- _TASK_
Your answer must be the full listing, reproduced exactly, minus any pictures.

- _SUPPLIED MATERIAL_
Start of Block

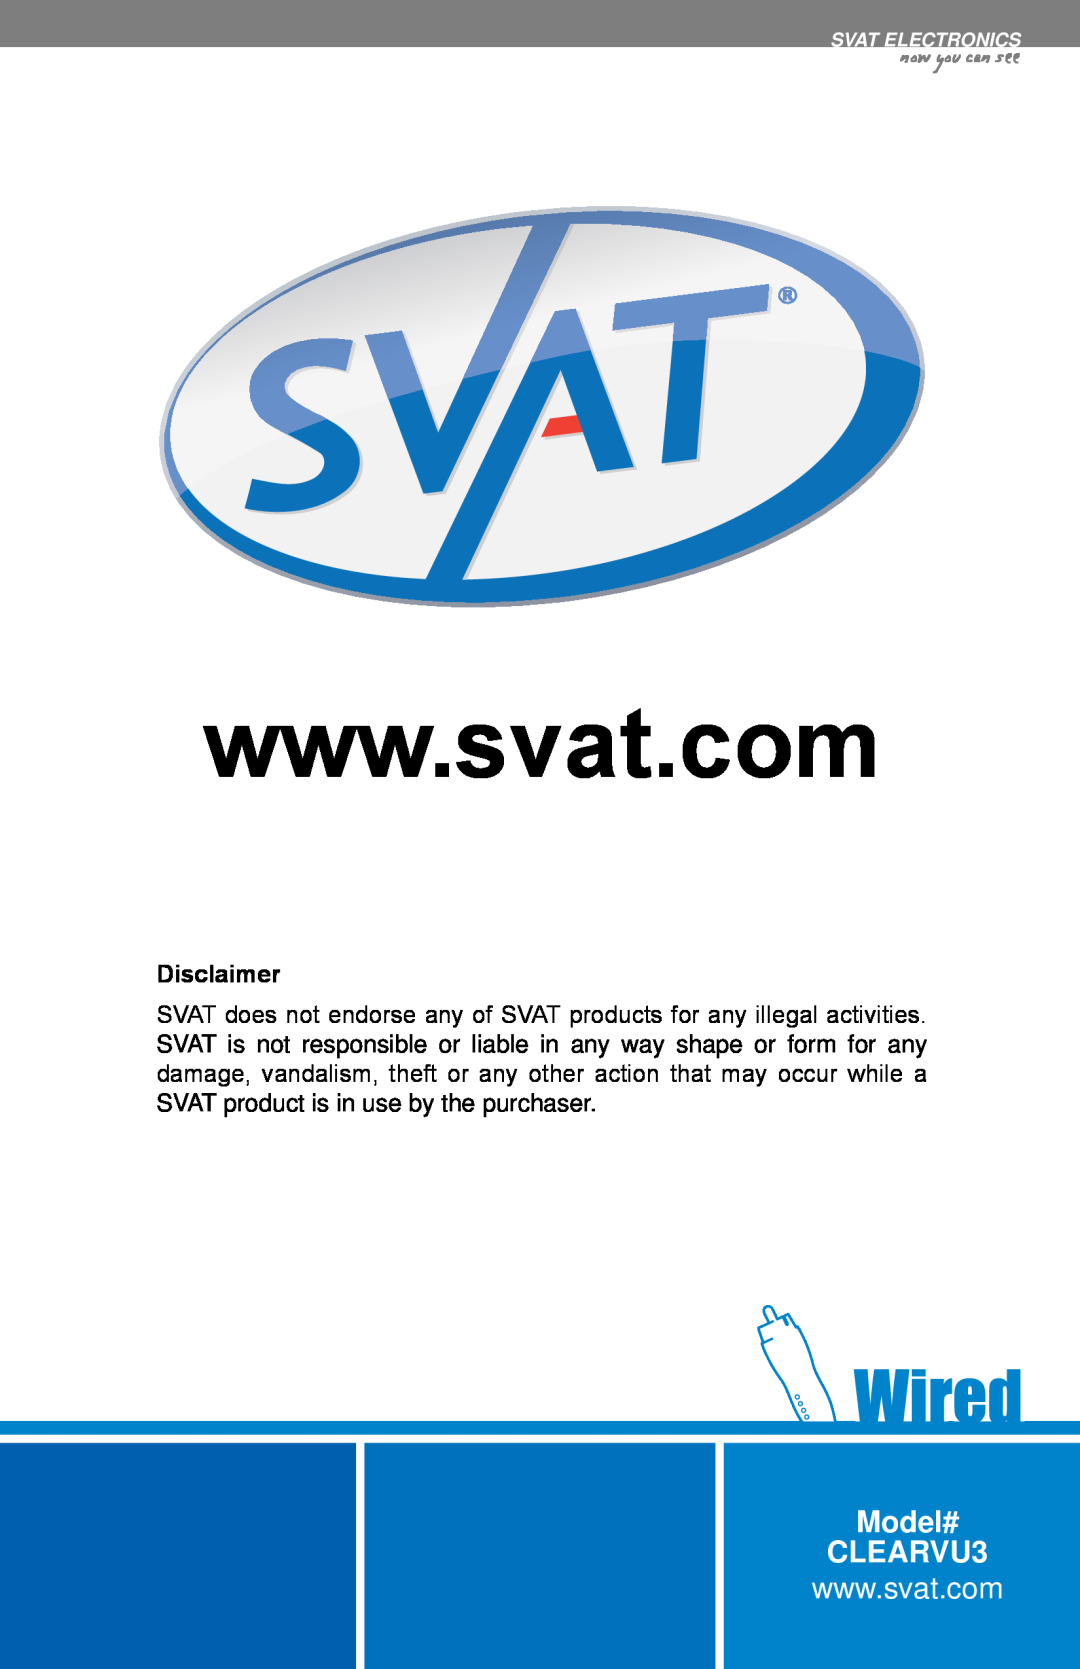 SVAT Electronics instruction manual Disclaimer, now you can see, Model# CLEARVU3, Svat Electronics 
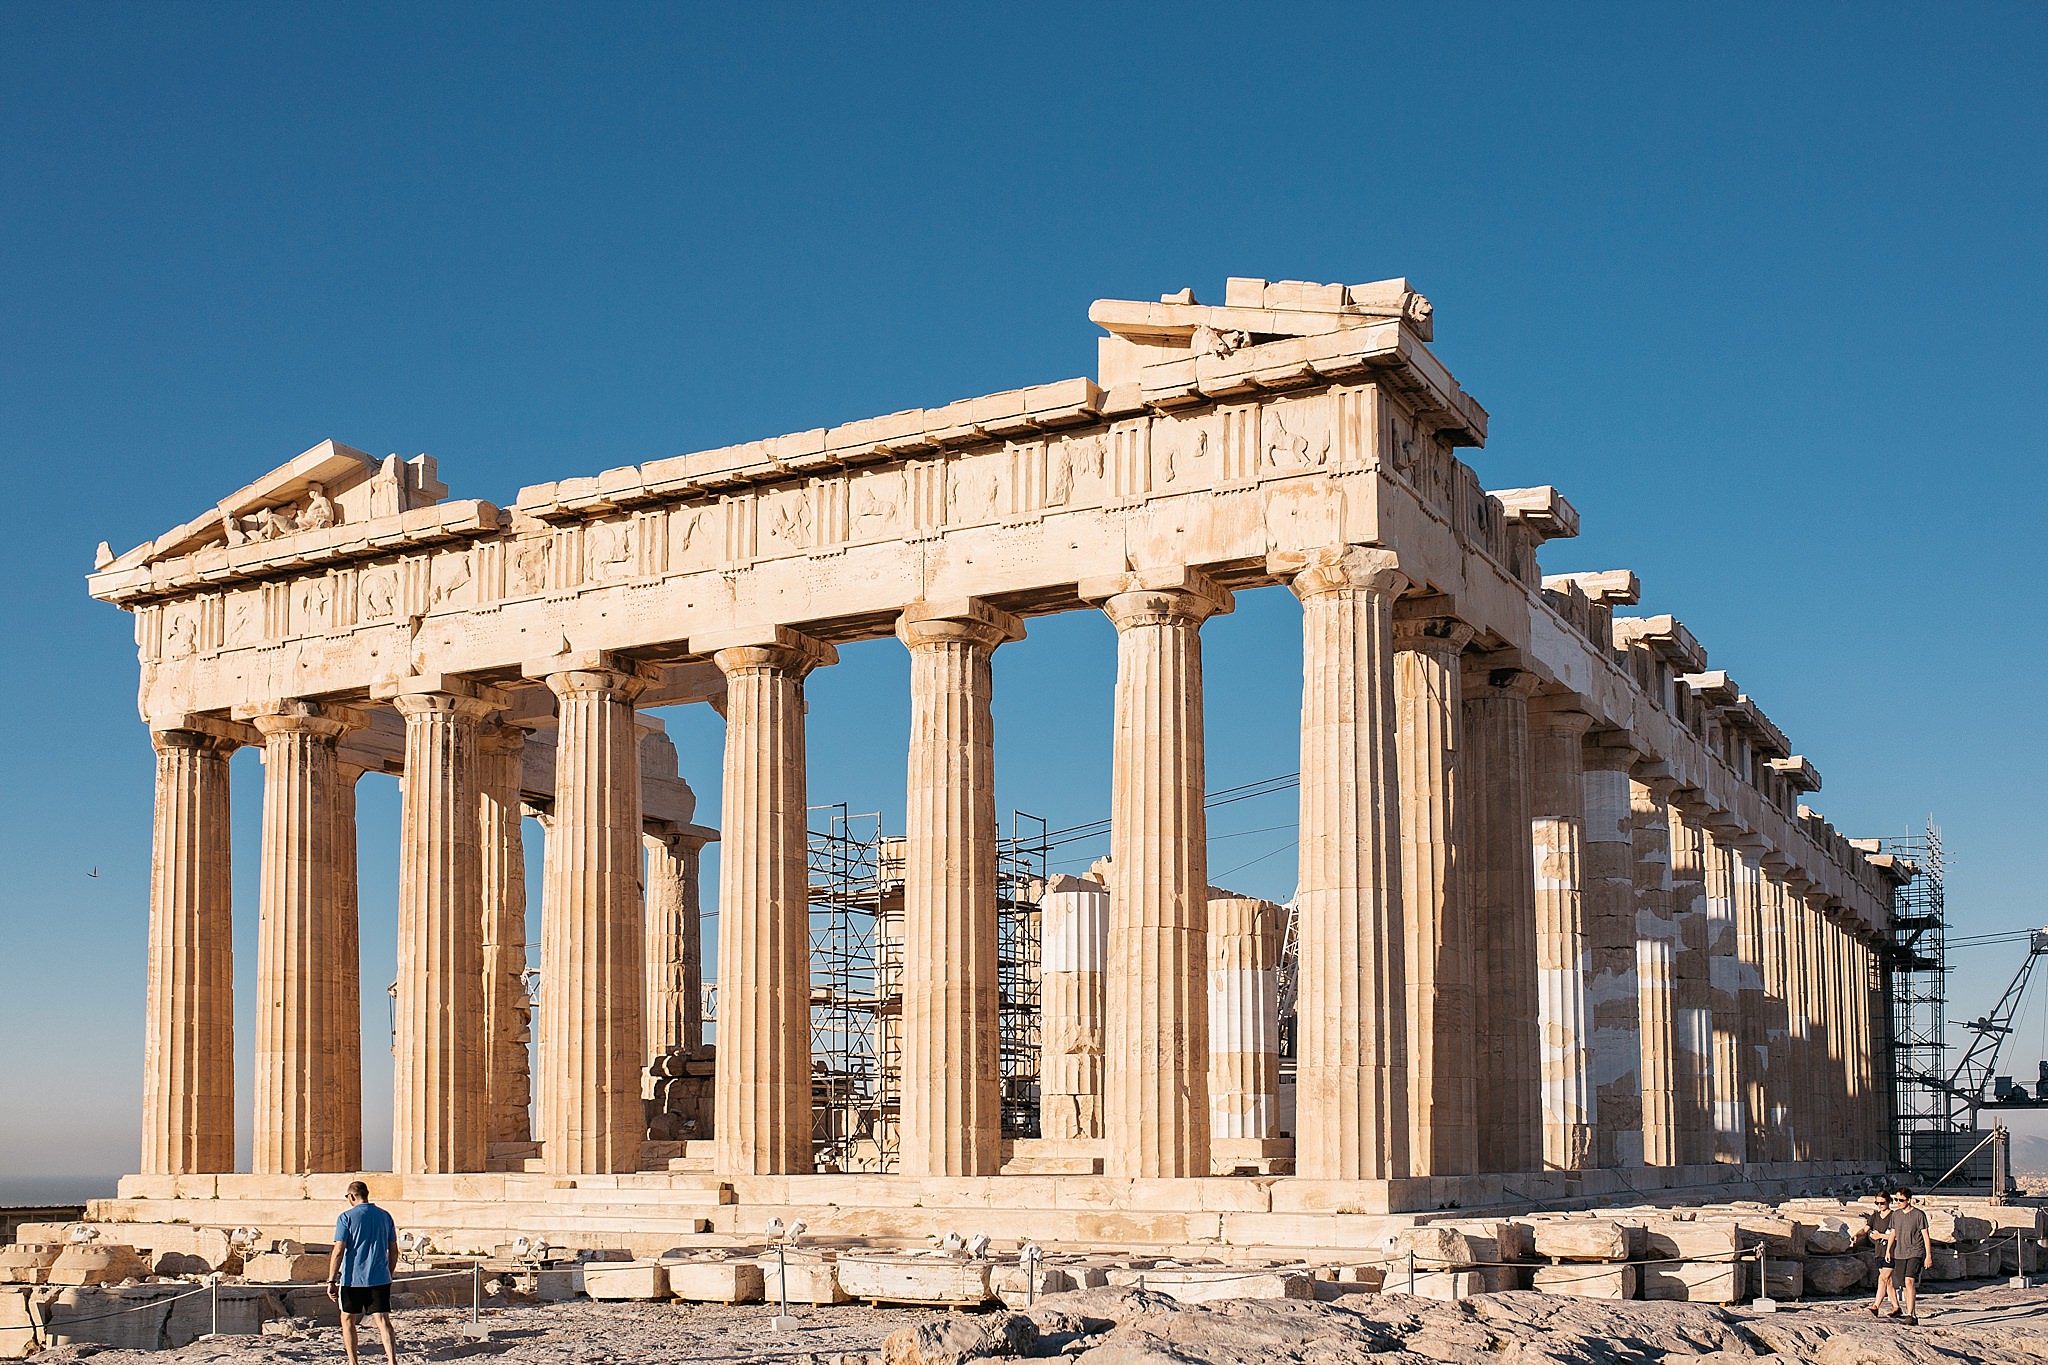   The Parthenon, such a beauty!  
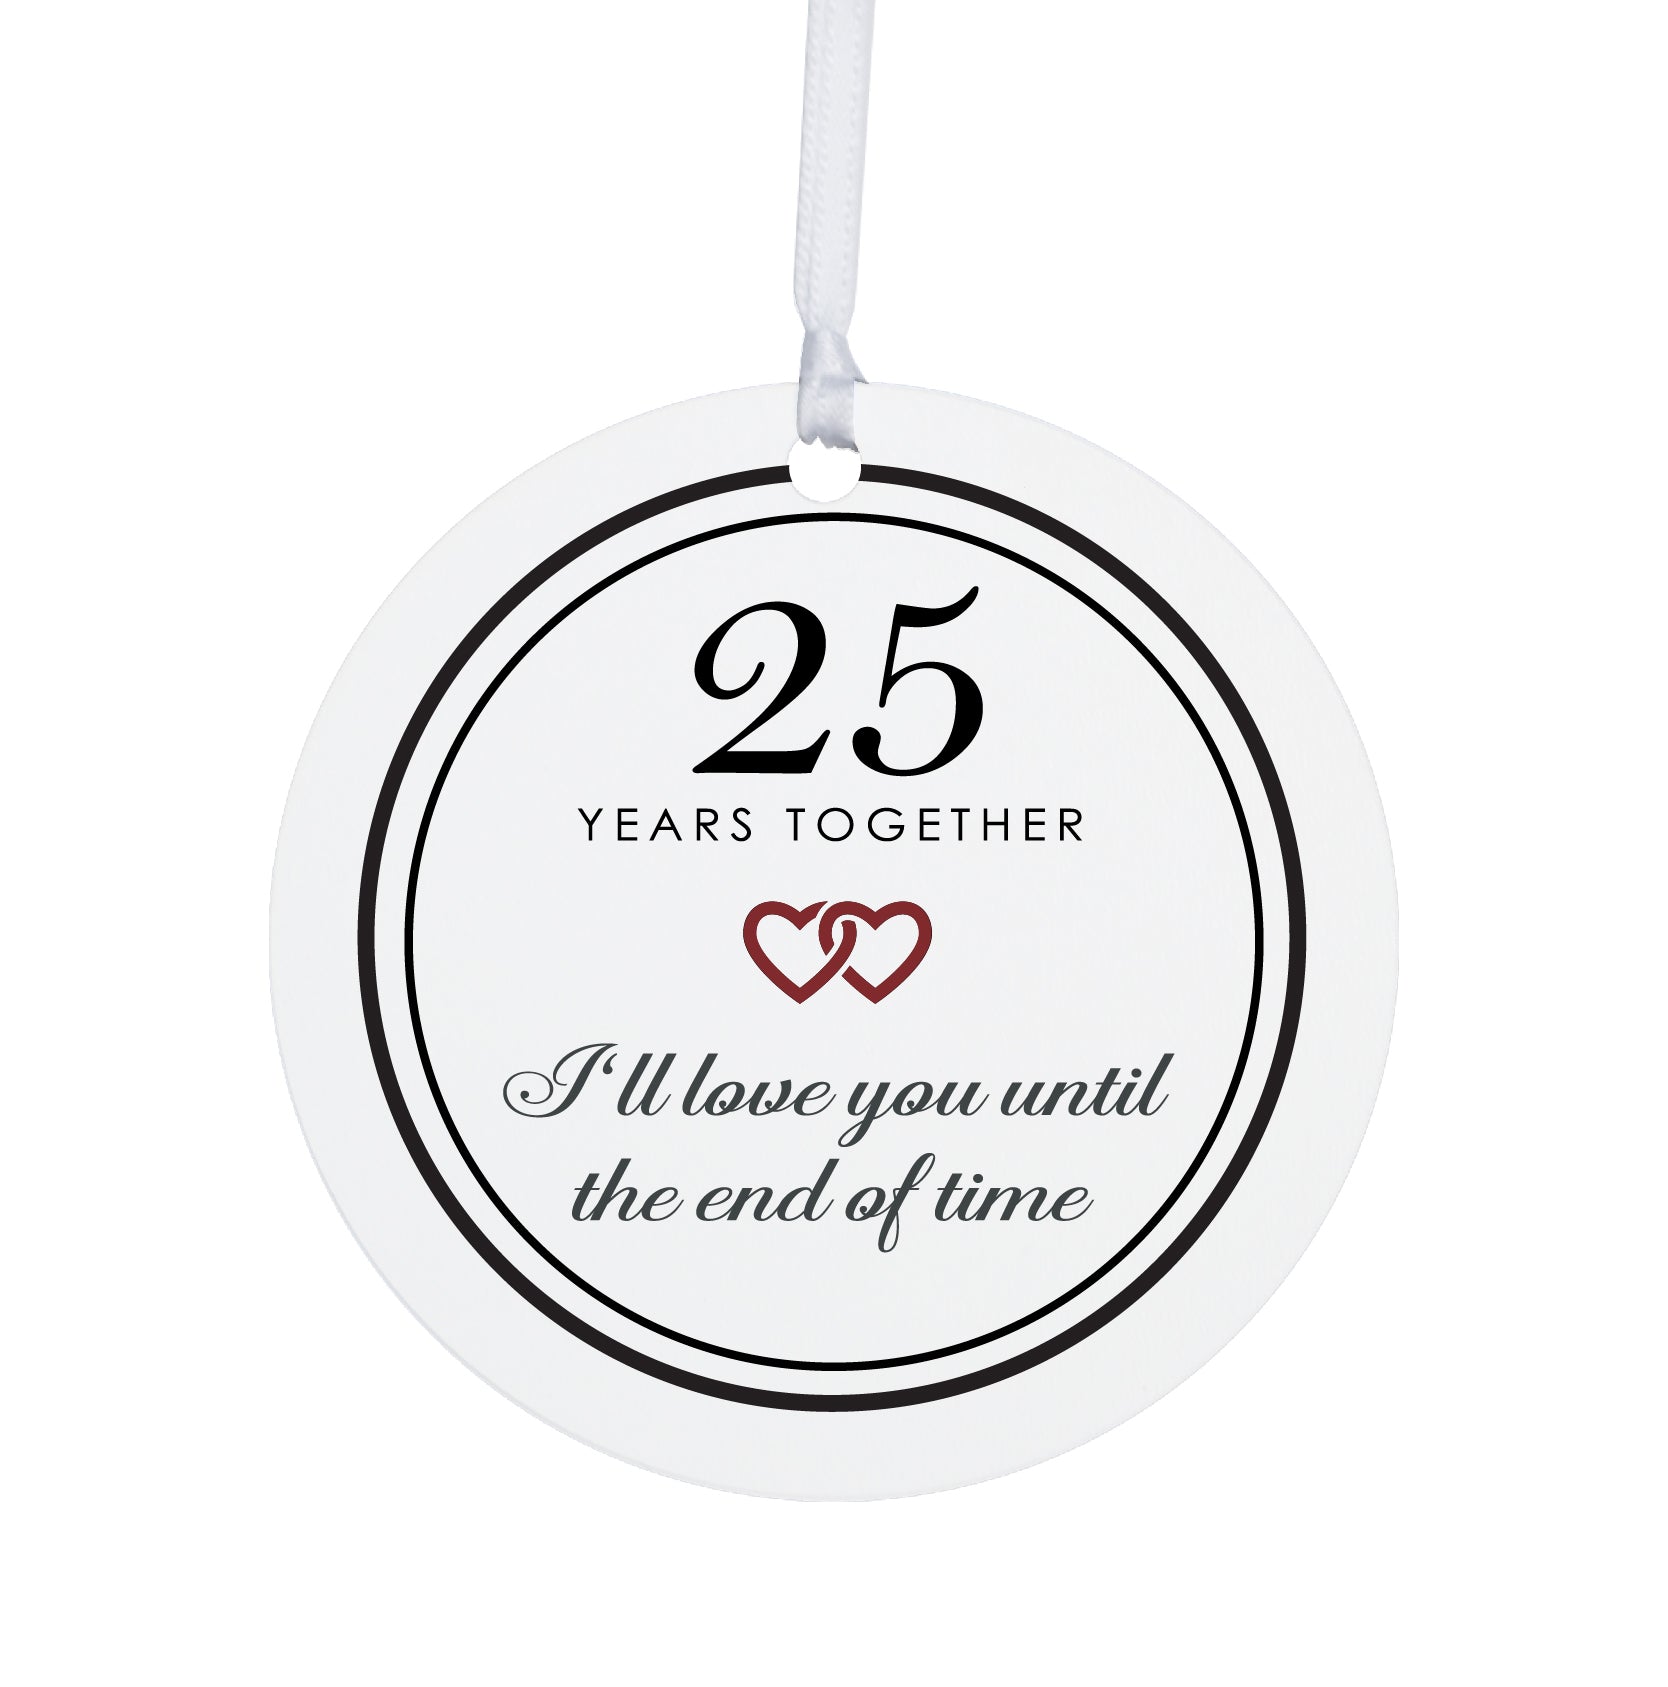 25th Anniversary Gifts at Gifts.com

End of Block

- _ANSWER SECTION_
 SVAT Electronics instruction manual Disclaimer, now you can see, Model# CLEARVU3, Svat Electronics 
   The Parthenon, such a beauty!  
 25th Anniversary Gifts at Gifts.com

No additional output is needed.